A short time later, the first CEO shared the idea with me. I told him of a company that did almost the same thing and succeeded. He was interested.
The successful company was Cascade Engineering. The CEO of that company was Fred Keller. The idea of hiring welfare recipients emerged in a conversation with one of the managers in his organization. Fred encouraged the man to take action.
The man hired some welfare recipients and in weeks they were all gone. He reported the failure. Fred suggested that the account was not a failure but a demonstration that company had not learned how to succeed. The man went back with increased commitment. He threw himself at learning how to make the idea succeed. An impressive strategy emerged, but it turned into a second failure. Fred held to his position that the problem was in the failure to learn. A third effort emerged.
This time the man in charge began to notice the problems, not with the welfare recipients, but with the employees of the company. After much reflection, every person in the company participated in a poverty simulation. After the simulation, the project began to progress. It so fully succeeded that the company was given a major award by the White House and numerous new resources flowed to the company, resources they did not anticipate acquiring.
The company then began to work on hiring people getting out of prison.

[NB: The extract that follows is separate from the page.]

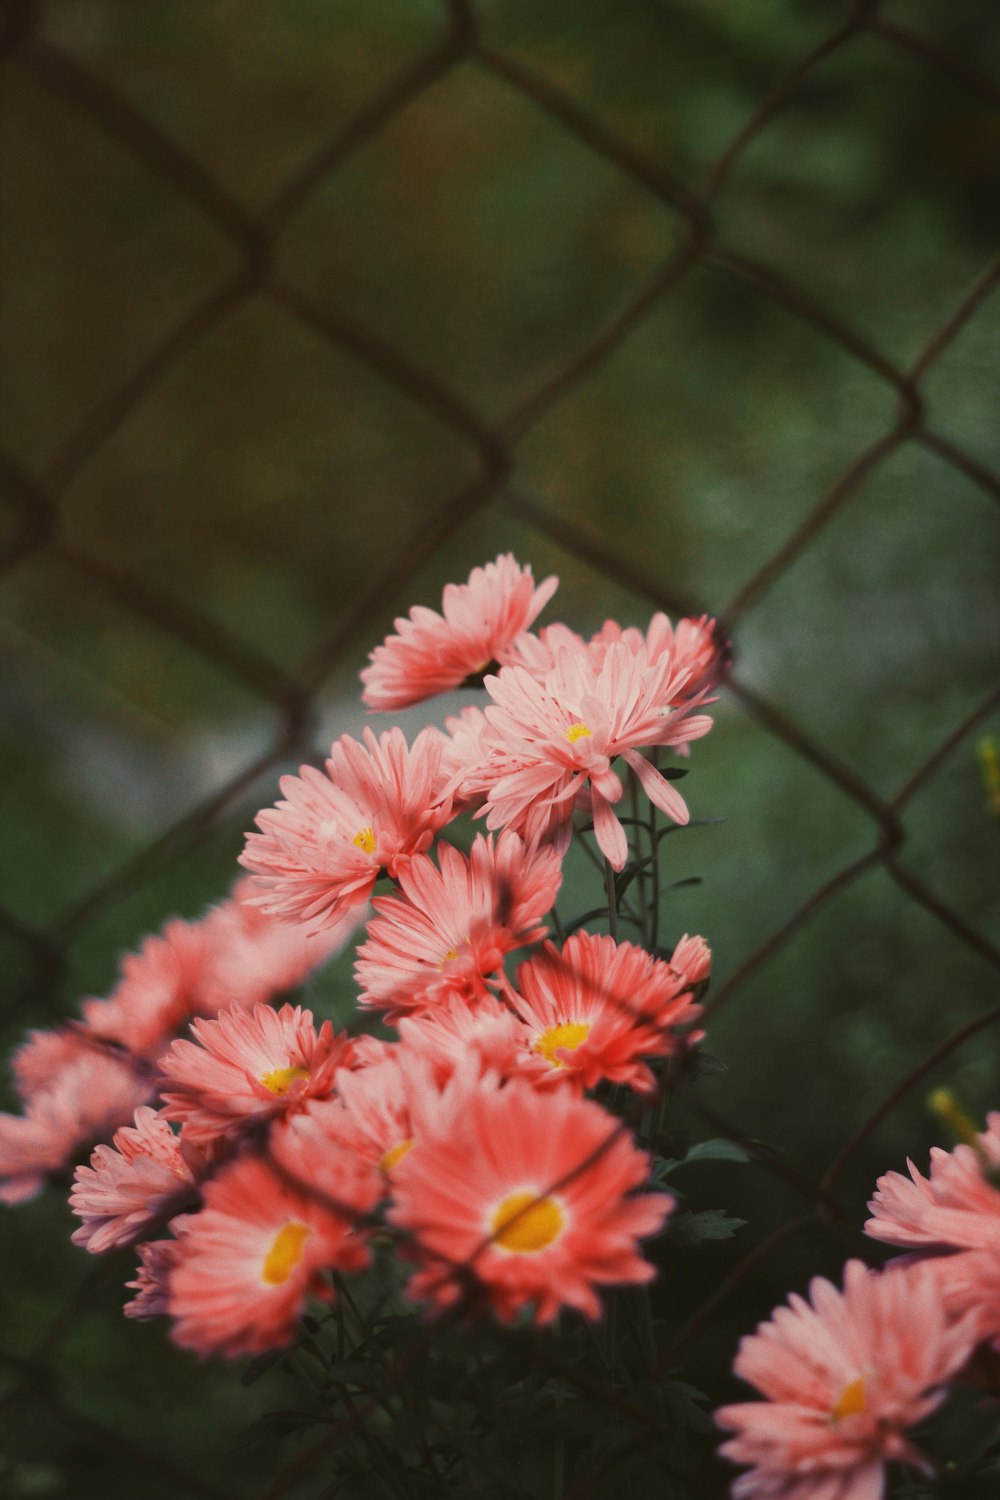 a bunch of pink flowers behind a chain link fence
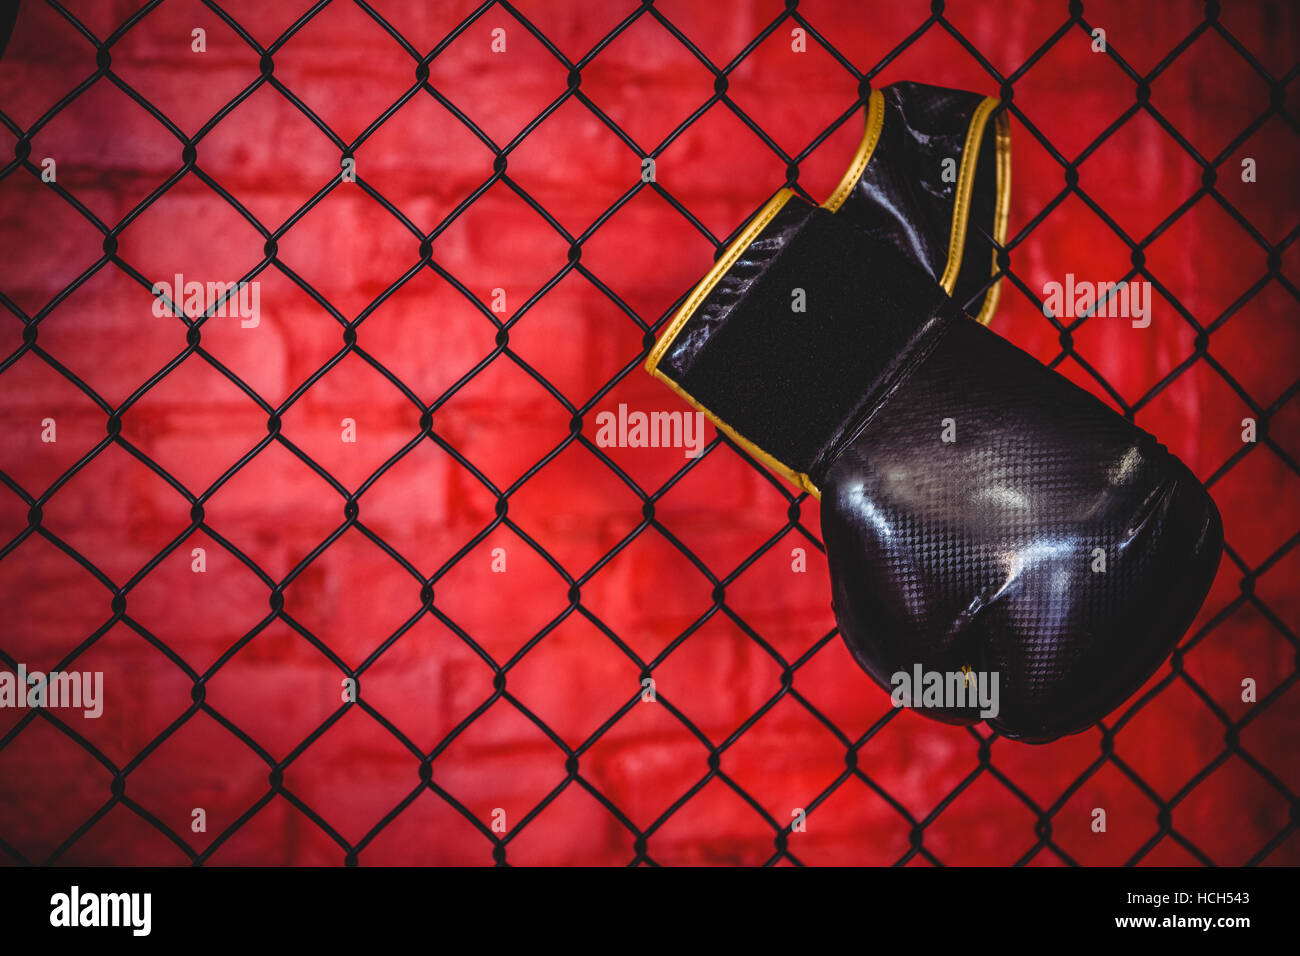 Boxing glove hanging on wire mesh fence Stock Photo

The learning process was similar. It did not fully work until all the employees went through a training program on racism. Again new resources flowed to the company.
So the company acquired a strategic competitive advantage that was difficult for other companies to imitate. The advantage brought predictable resources like fierce employee loyalty and unpredictable resources like new networks of external interaction and opportunity.
The new competitive advantage was not designed. It emerged from embracing a higher purpose, visioning a new strategy, and committing to deep learning. In the process, the company discovered what all individuals and groups learn in the process of deep learning. We are a part of the system we observe. We are part of a dynamic whole. For the system to change, we have to change. In the words of Gandhi, we have to be the change we want to see in the world. When the people in the company began to revise their own biases about impoverished people, the impoverished people were able to revise their own assumptions about impoverished people working in a professional company. They began to believe and change followed.
I think of the uninterested CEO. From experience, he is sure that what I describe here is impossible. I compare him to Fred Keller. Fred is sure that it is possible. Our ability to engage in deep learning has much to do with our capacity to lead.
- When has our team, unit, or organization acquired a new competency?
- What is deep learning and what does it have to do with new competencies?
- In the process of deep learning, what do we discover about ourselves?
- How could we use this passage to create a more positive organization?